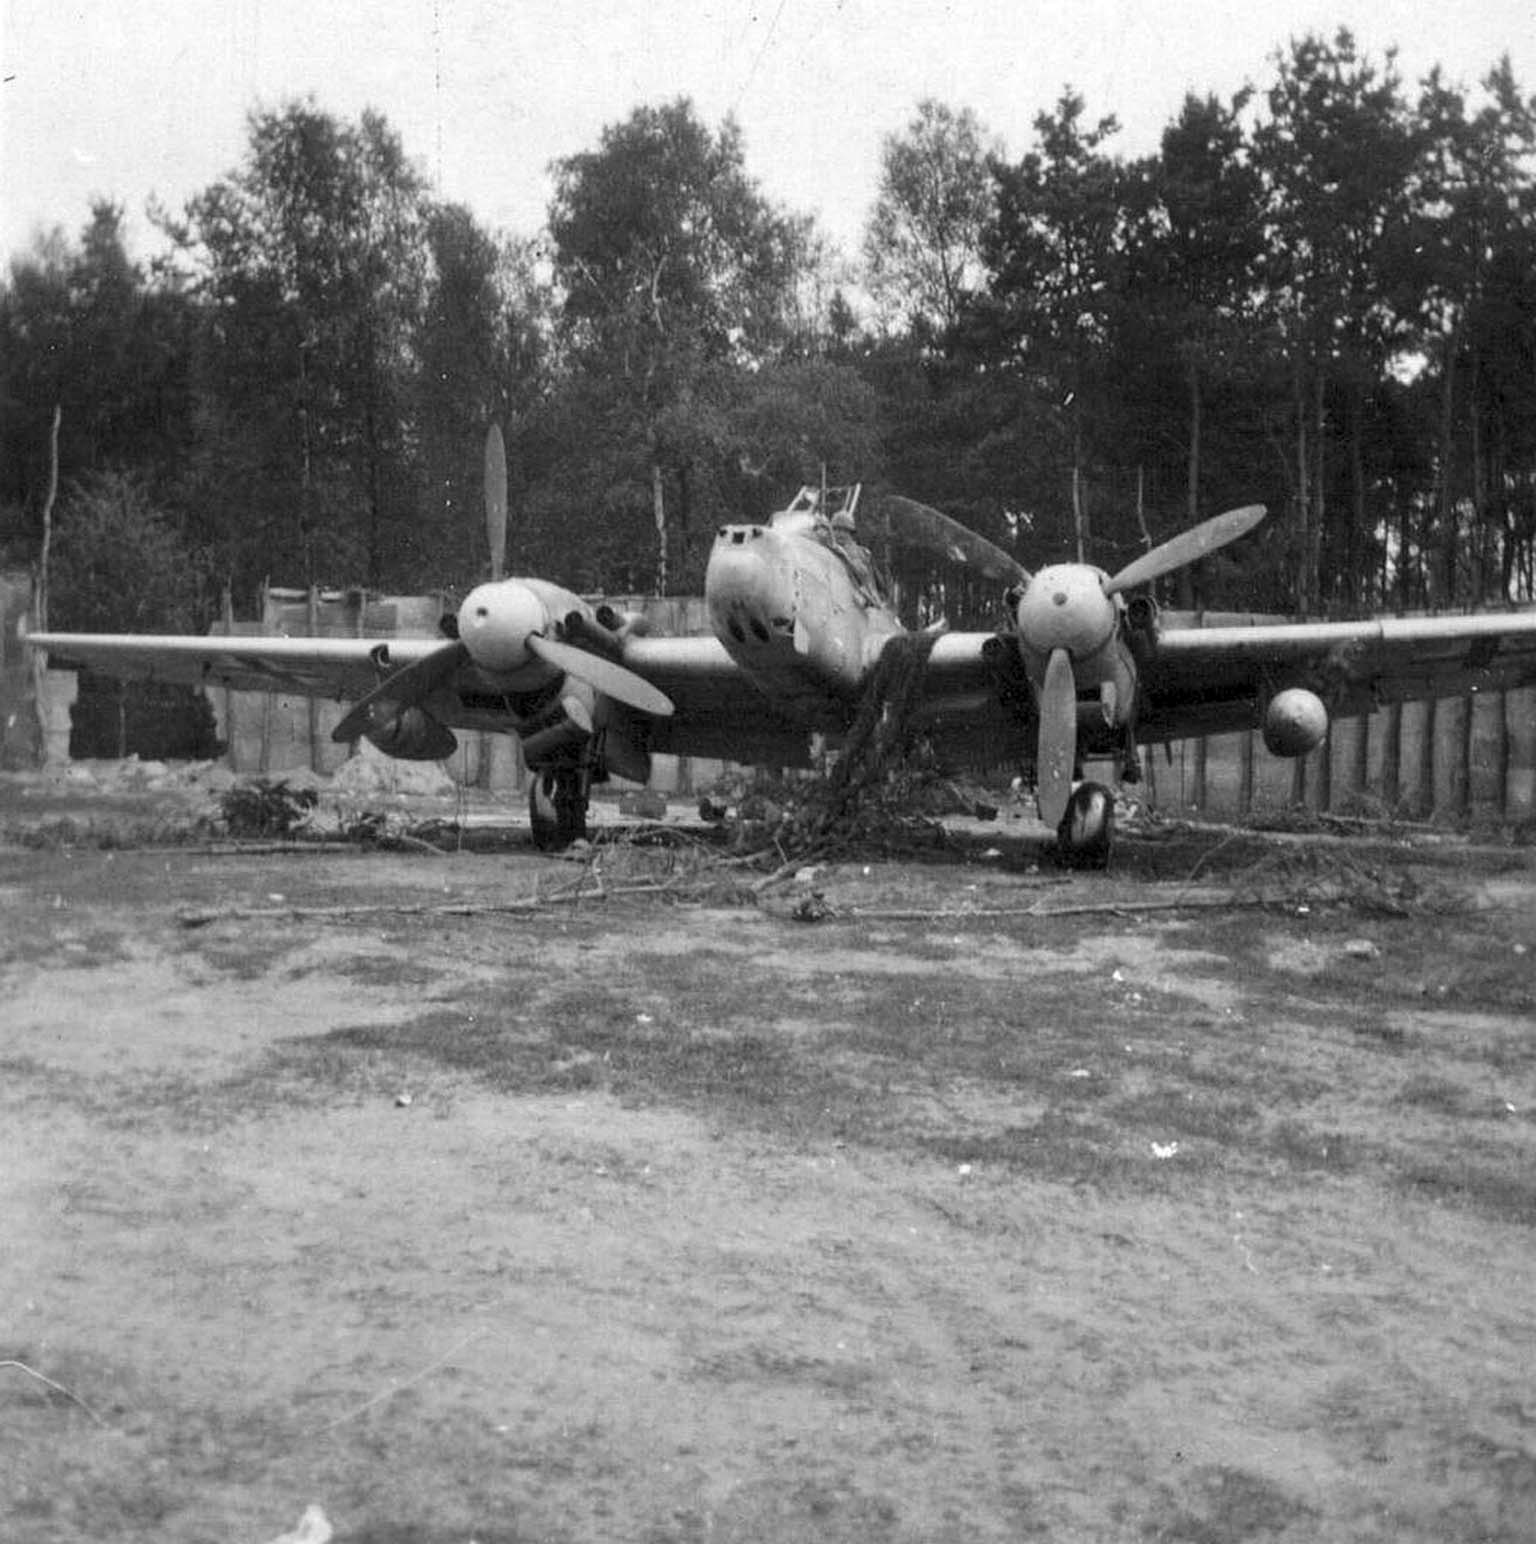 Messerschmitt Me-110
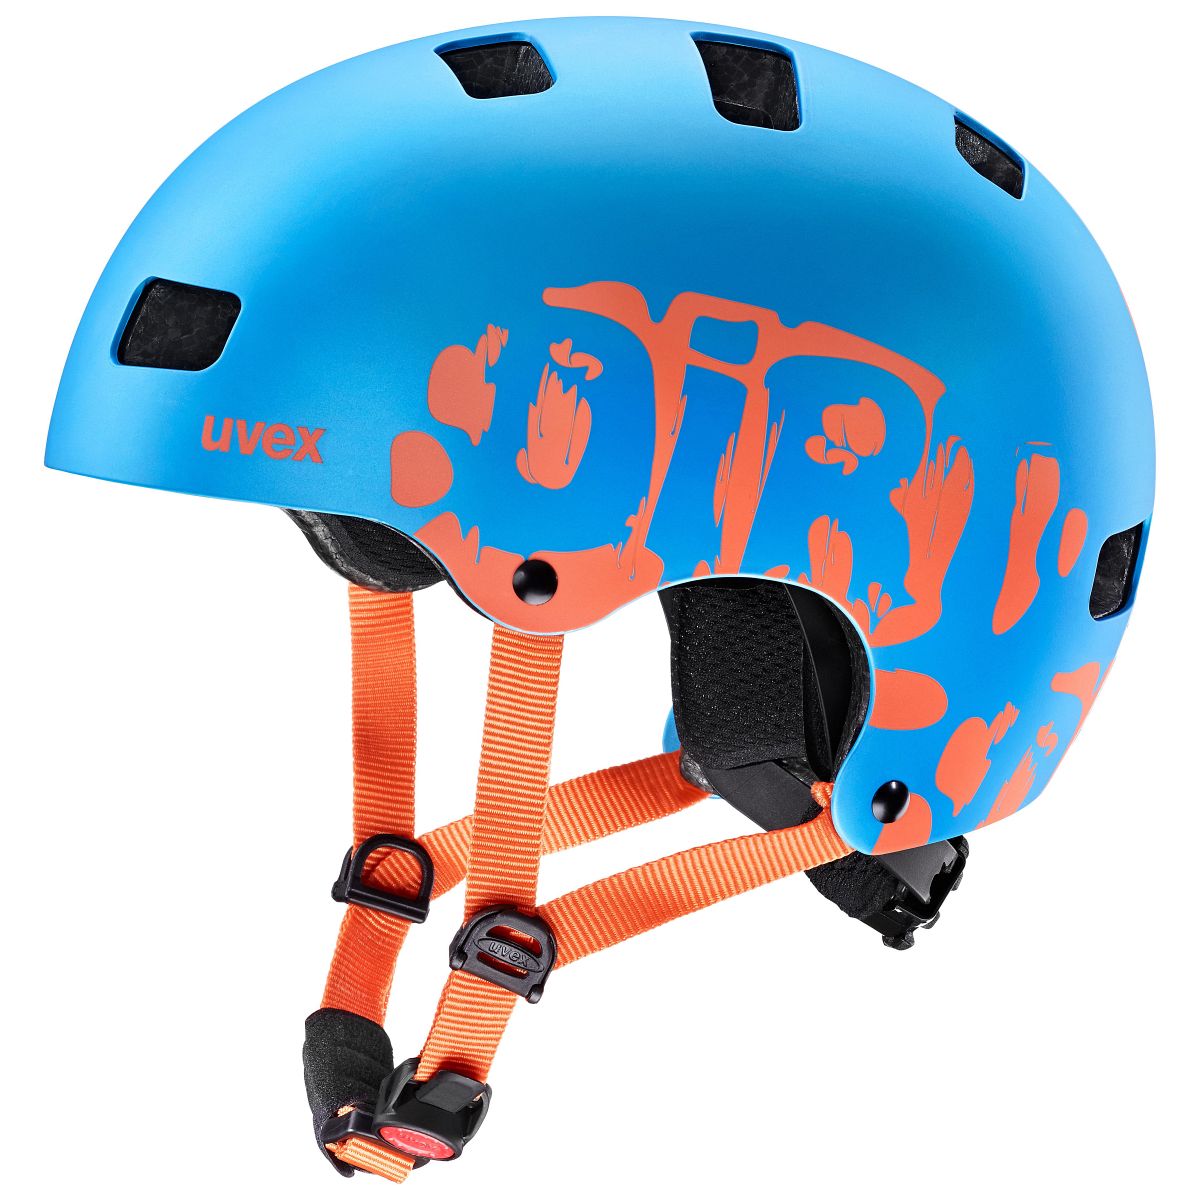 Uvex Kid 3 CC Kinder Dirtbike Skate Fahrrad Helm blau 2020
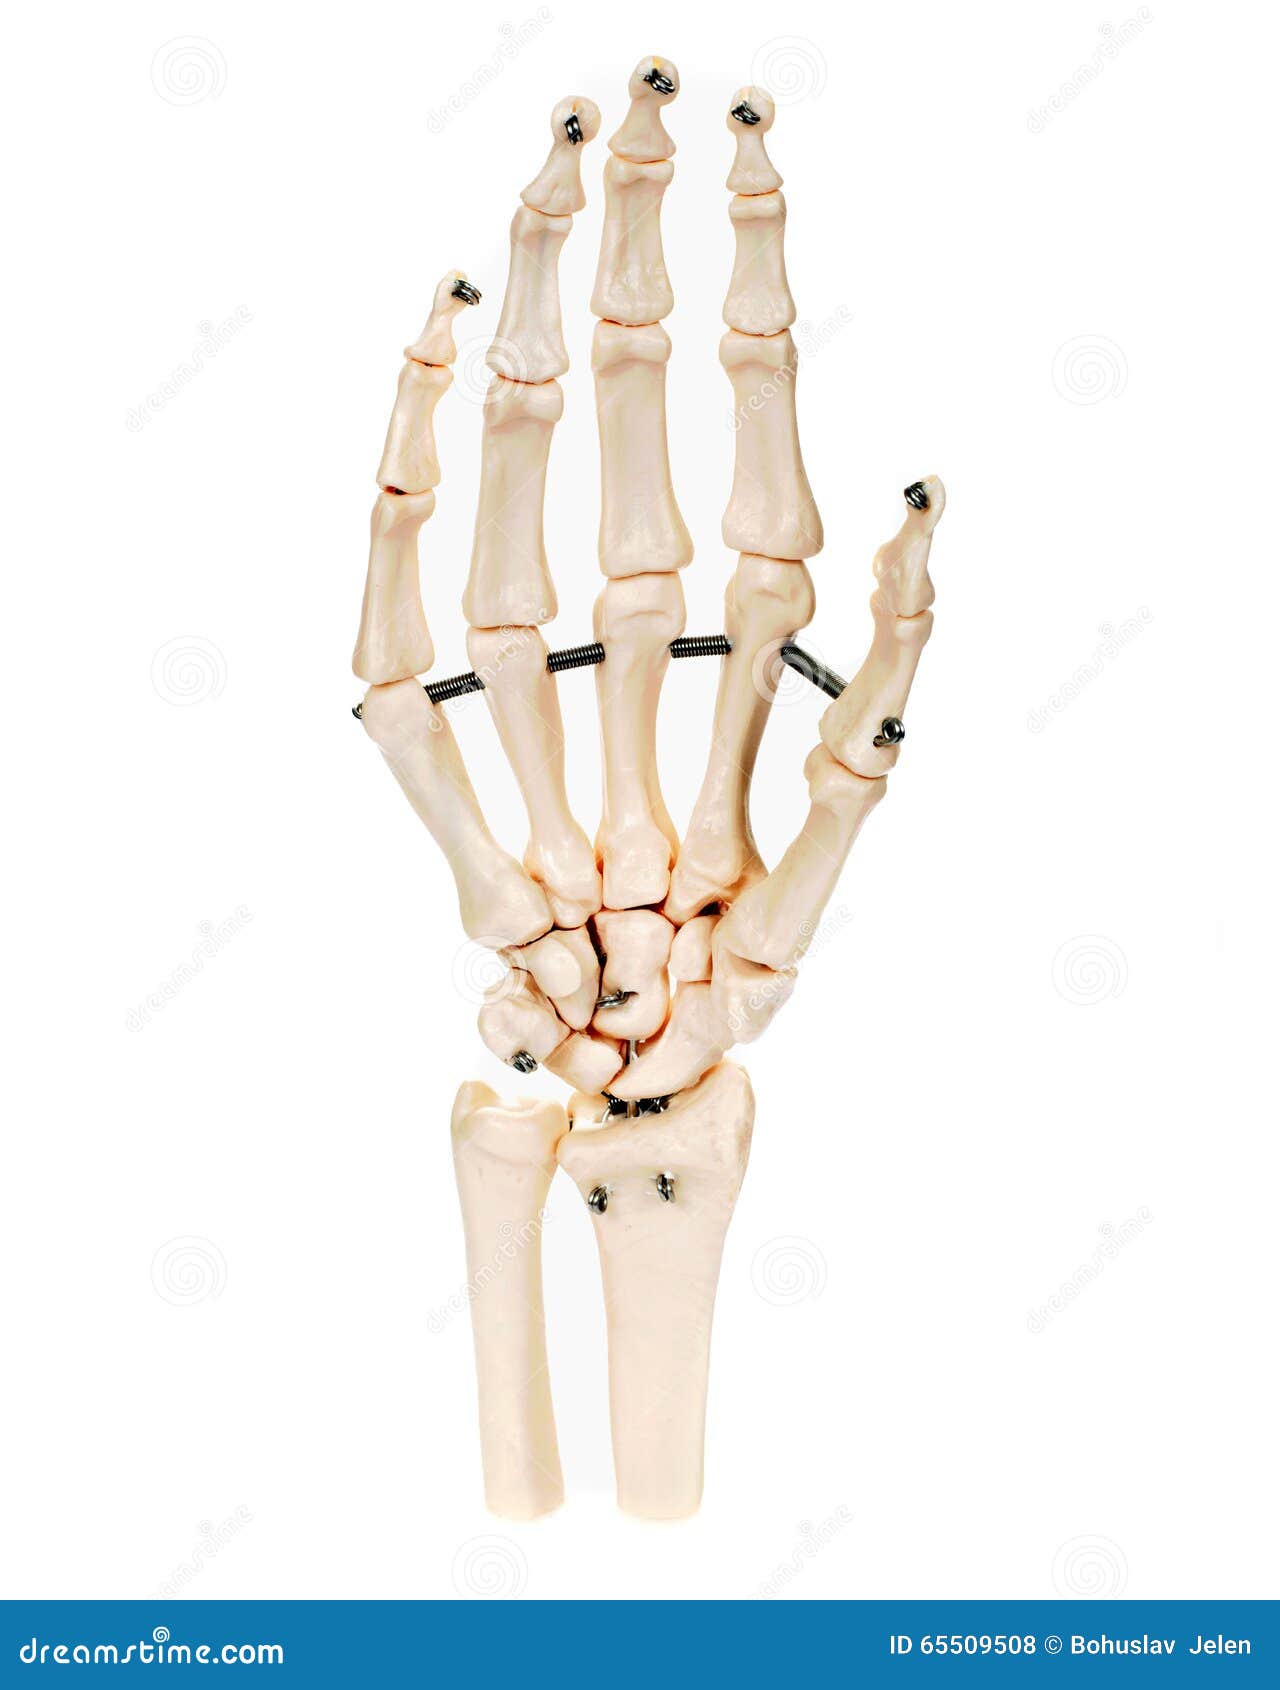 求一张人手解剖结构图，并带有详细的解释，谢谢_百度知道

* YOUR ASSIGNMENT
Retype the whole listing exactly. Do not include the pictures.

* RESULT OF THE TASK
 Messerschmitt Me-110
 Uvex Kid 3 CC Kinder Dirtbike Skate Fahrrad Helm blau 2020
 求一张人手解剖结构图，并带有详细的解释，谢谢_百度知道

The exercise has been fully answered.